Every time you remember the configuration, you want to generate an energy minimum. But if there are two minimums, it will limit the Hopfield network capacity. Elizabeth Gardner found a better storage rule that used all the weights. Rather than trying to store multiple vectors at once, she loops through the training set multiple times and trains each unit with a perceptron convergence program, giving all other units of the vector the correct state.
VI) Boltzmann Machine Network
The Boltzmann machine is a randomloop neural network that can be regarded as a random generation product of the Hopfield network. It is one of the first neural networks to learn internal representations. The algorithm aims to maximize the product of the probability that the machine is assigned to the binary vector in the training set, which is equivalent to maximizing the sum of the logarithmic probabilities assigned to the training vector, as follows: (1) When the network has no external input, The network is stable at different times; (2) each time the visible vector is sampled.
In 2012, Salakhutdinov and Hinton wrote an effective small batch learning program for the Boltzmann machine. In 2014, the model was updated and called the Restricted Boltzmann machine. Please check the original text for details.
VII) Deep Belief Network
Backpropagation is the standard method for artificial neural networks to calculate the error distribution of each neuron after processing a batch of data, but there are also some problems. First of all, the training data should be marked, but almost all the data are not labeled; secondly, the learning time is insufficient, which means that the network with more hidden layers is slower; thirdly, it may cause the local to fall into the most unfavorable situation. So for the deep network this is not enough.
The unsupervised learning method overcomes the limitations of backpropagation. Using the gradient method to adjust the weight helps to maintain the efficiency and simplicity of the architecture. It can also be used to model the sensory input structure. In particular, it adjusts the weights to maximize the probability of generating models that produce sensory inputs. The belief network is a directed acyclic graph composed of random variables, which can infer the state of unobserved variables, and can also adjust the interaction between variables to make the network more likely to generate training data.

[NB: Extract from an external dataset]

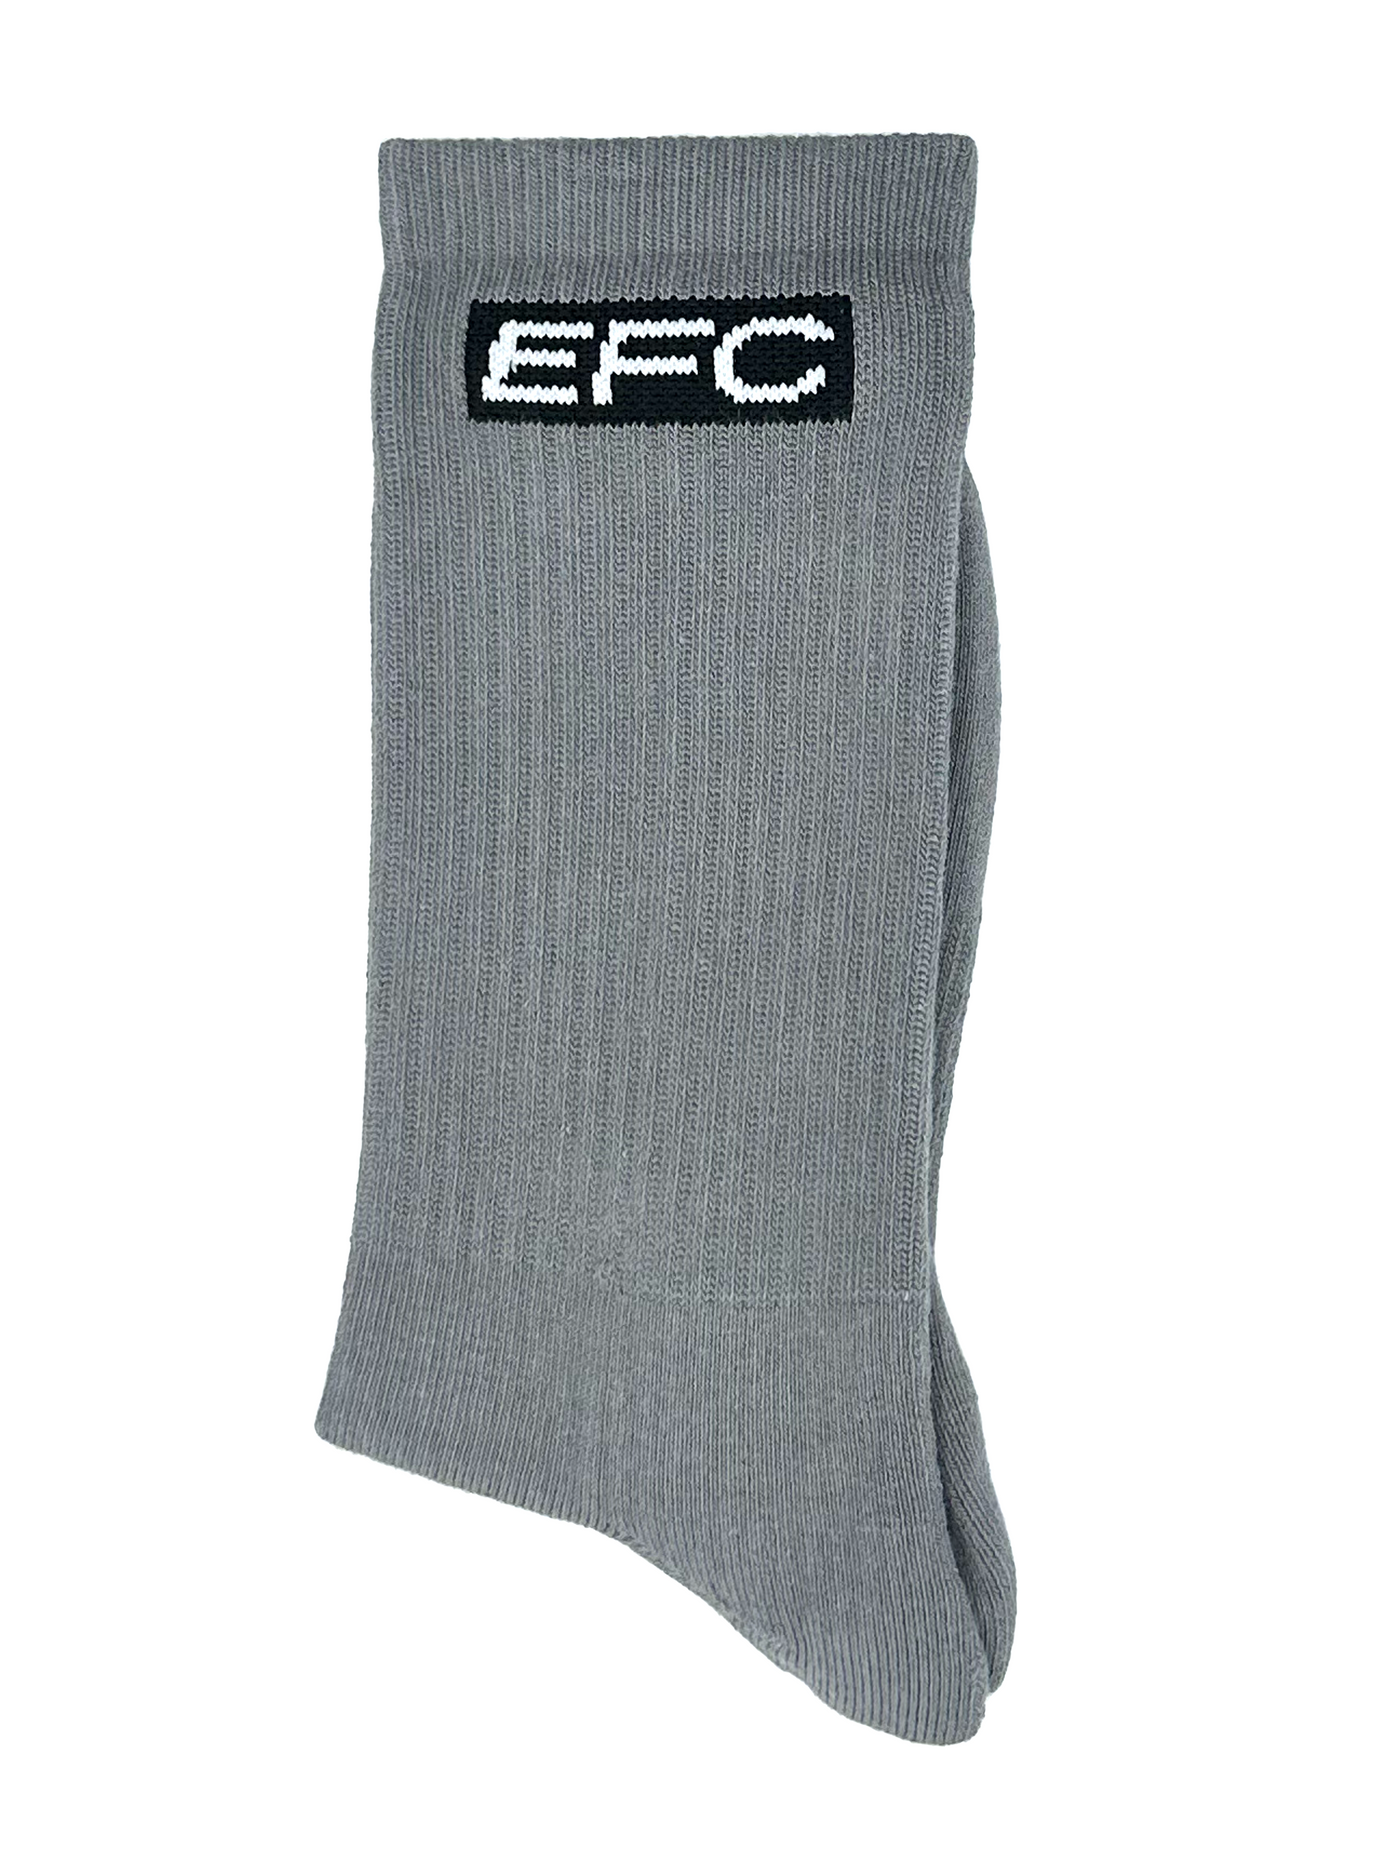 Solid Gray Socks

Early graphical models were expertdefined image structures and conditional probabilities that were sparsely connected and focused on making the right inferences rather than learning. But for neural networks, learning is the focus, and its purpose is not to make inferences easier by interpretability or sparse connectivity.
VIII) Deep Autoencoders
The architecture provides two mapping methods, which seem to be a very good way to do nonlinear dimensionality reduction. It is linear (or better) in the number of training cases, and the final coding model is quite compact and fast. However, it is difficult to optimize the depth autoencoder using backpropagation. If the initial weight is small, the backpropagation gradient will disappear. We use unsupervised layerbylayer pretraining or as much initialization initialization weight as the echo state network.

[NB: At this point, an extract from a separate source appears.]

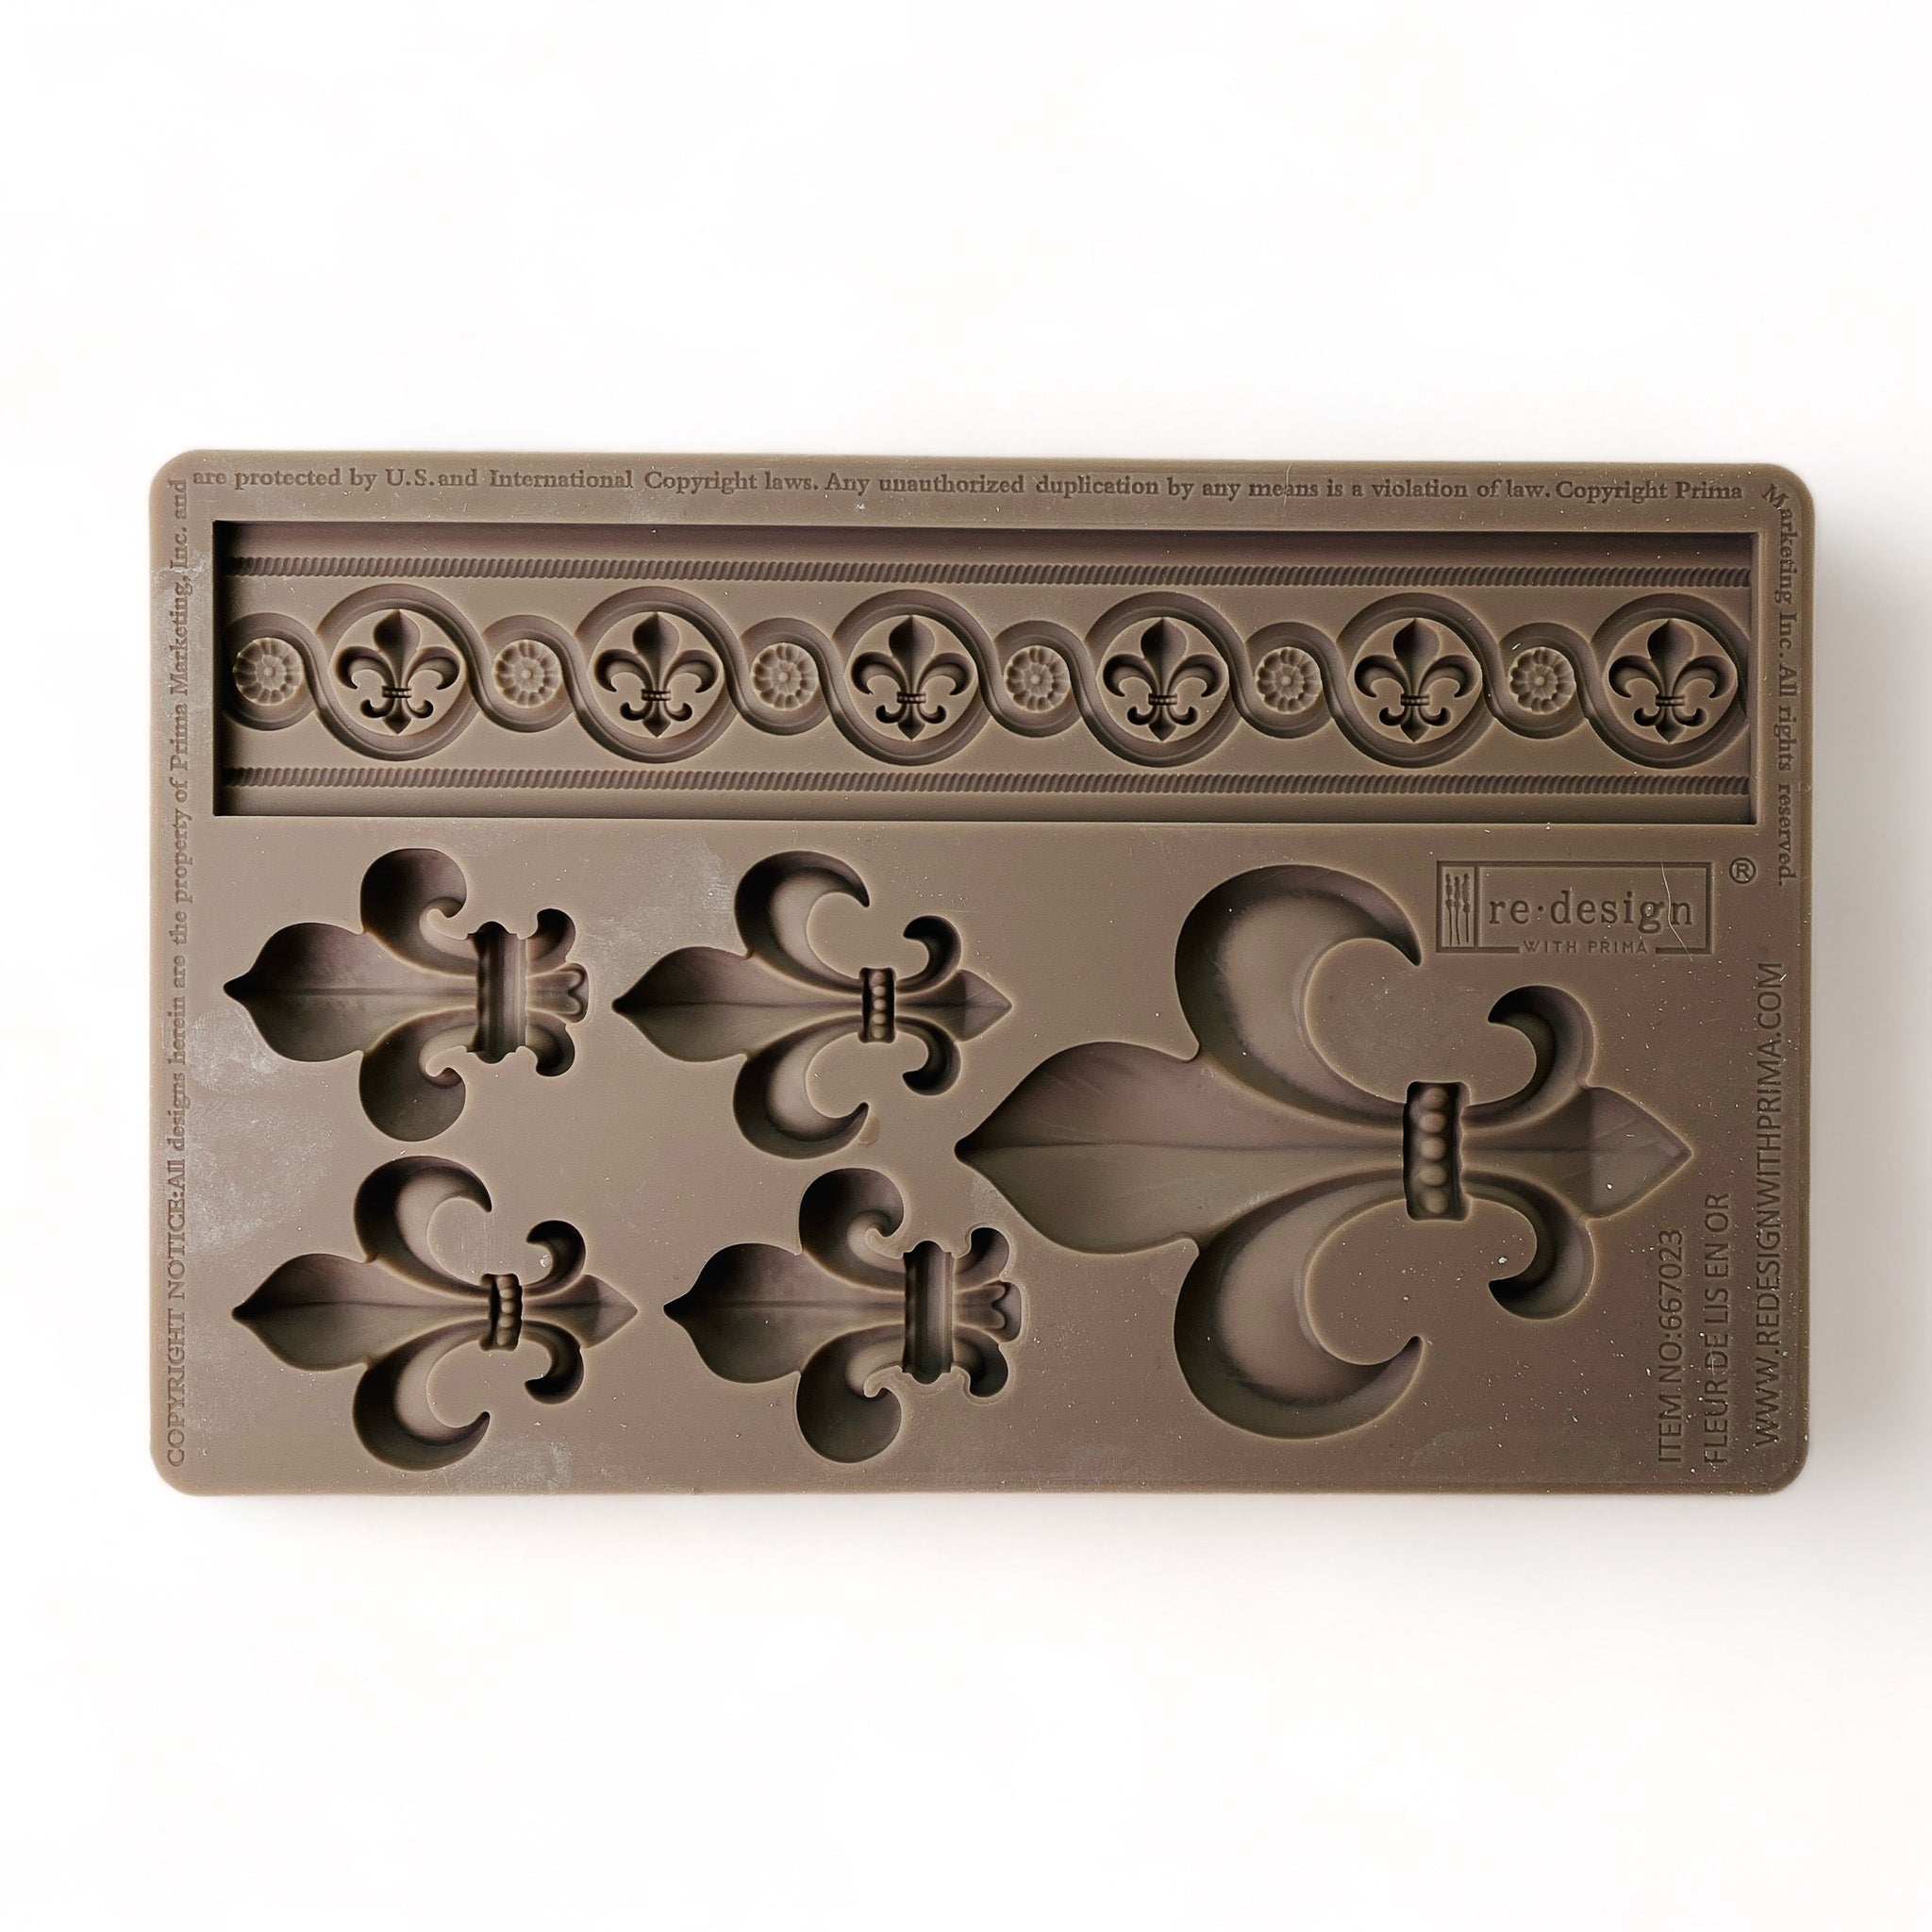 A brown silicone mould that features 5 fleur de lis and a fleur de lis border design is against a white background.

There are three different types of shallow autoencoders for pretraining tasks: (1) RBM as an autoencoder; (2) denoising autoencoder; and (3) a compression autoencoder. For data sets that are not extensively labeled, pretraining facilitates subsequent discriminative learning. Even for deep neural networks, unsupervised training is not necessary for weight initialization for a large number of annotated data sets. Pretraining is the first good way to initialize deep network weights, and there are other methods. But if you expand the network, you need to do pretraining again.